• Exercise description: Looking at the listing below, retype exactly the lines starting at the one containing "Donald Trump: People" and ending at the one containing "OPI Infinite Shine", both included, and nothing else.

• Provided entries:
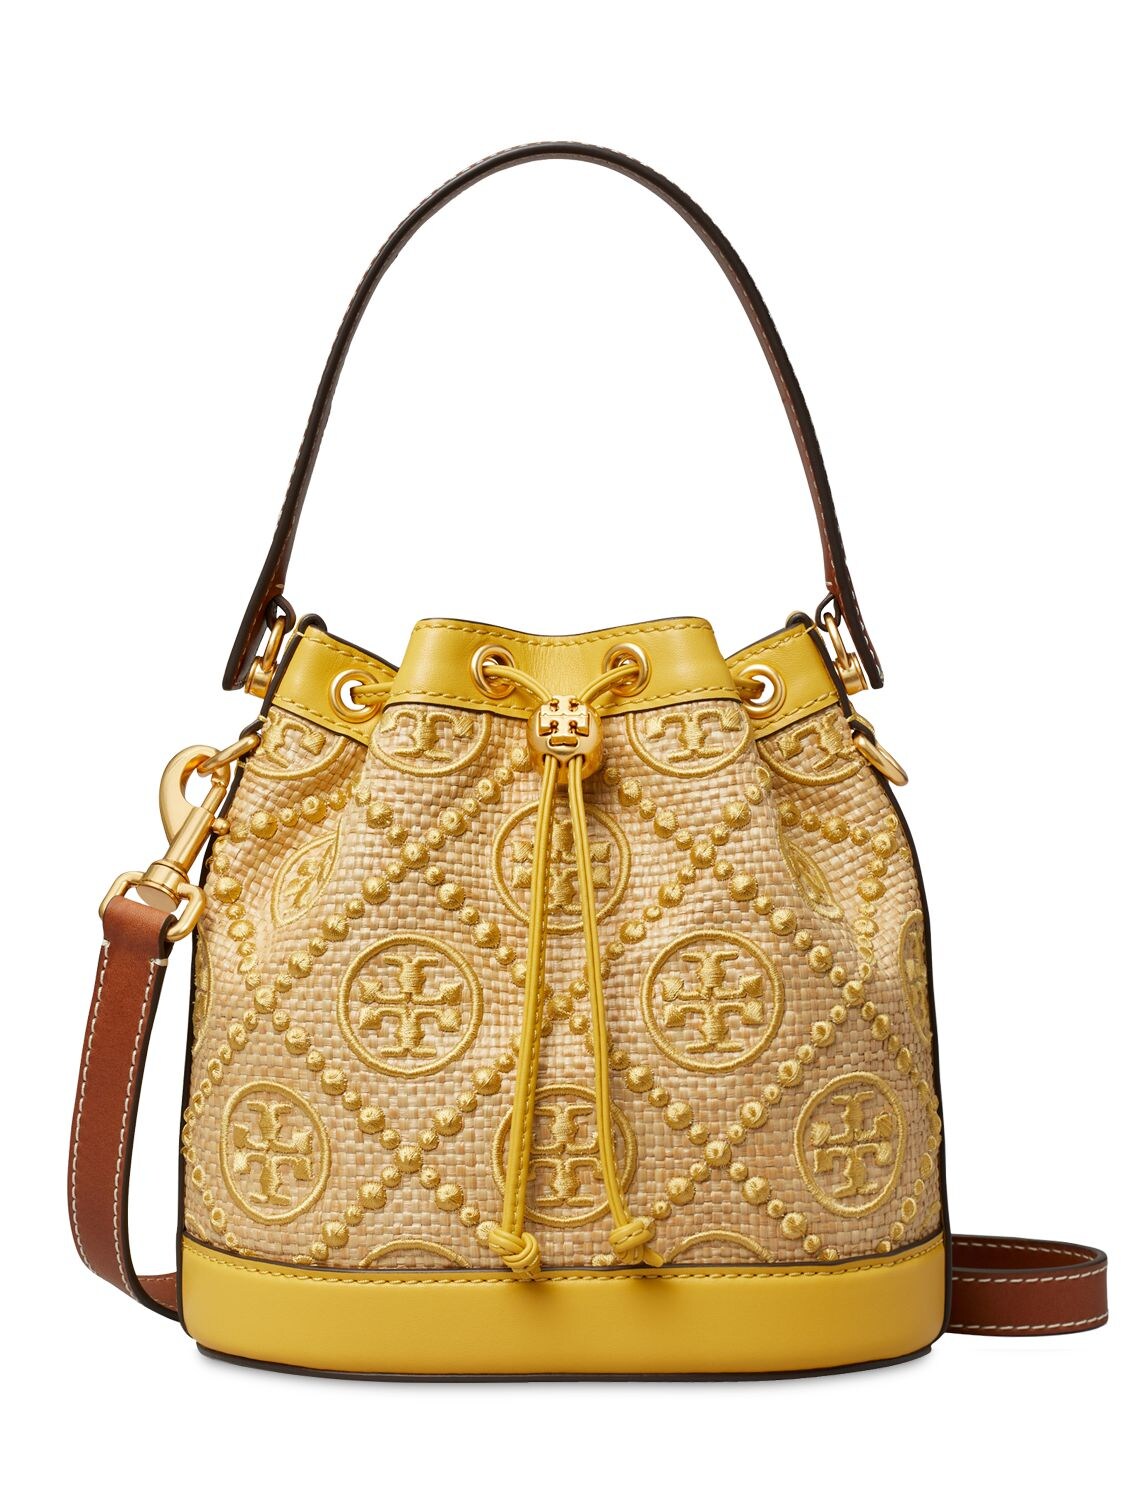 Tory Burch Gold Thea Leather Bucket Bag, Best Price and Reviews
* * *
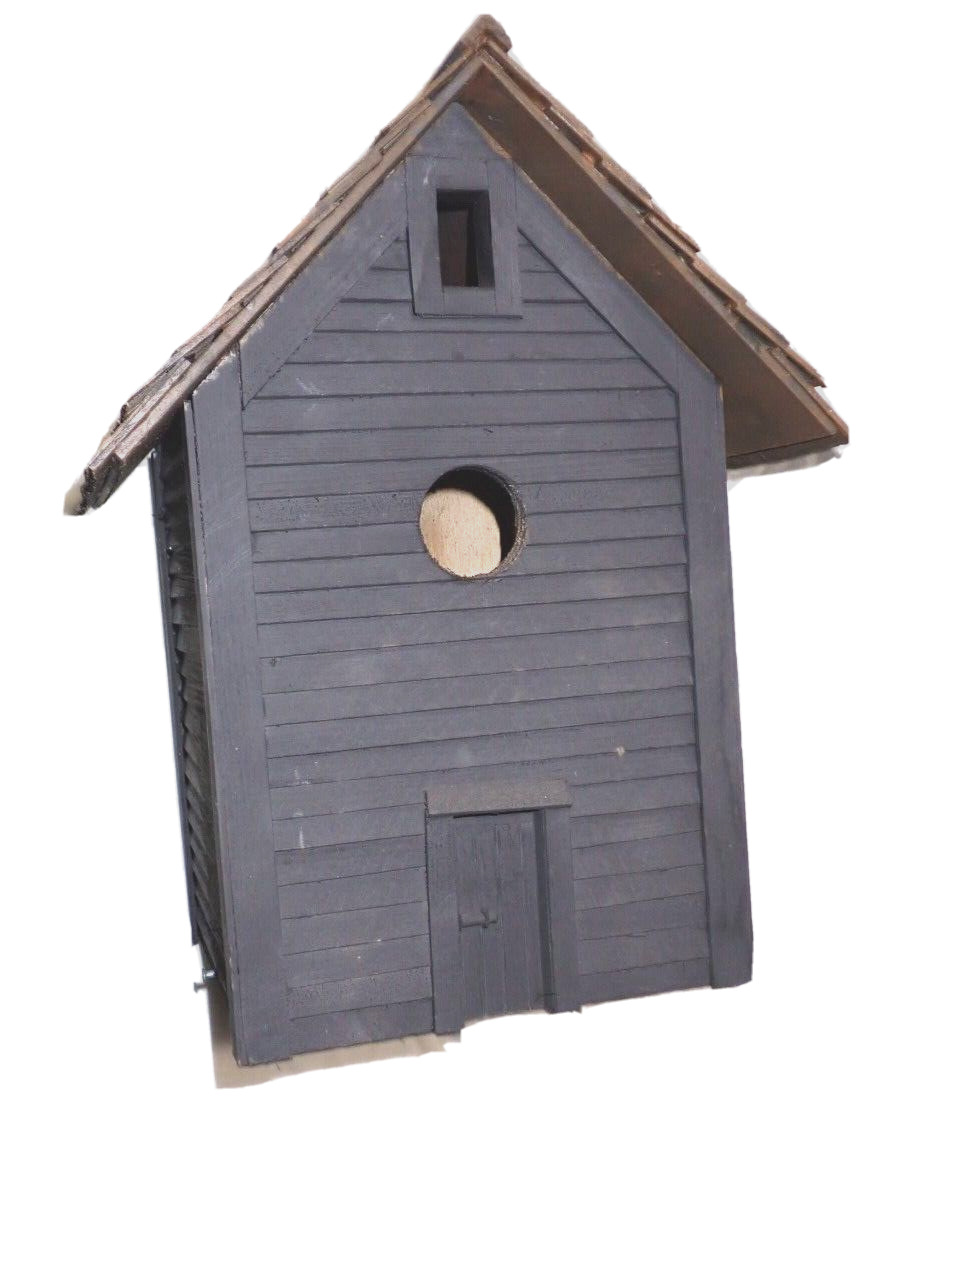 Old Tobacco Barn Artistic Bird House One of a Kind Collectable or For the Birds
* * *
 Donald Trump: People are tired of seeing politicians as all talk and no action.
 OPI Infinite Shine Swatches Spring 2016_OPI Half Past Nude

• Task answer:
 Donald Trump: People are tired of seeing politicians as all talk and no action.
 OPI Infinite Shine Swatches Spring 2016_OPI Half Past Nude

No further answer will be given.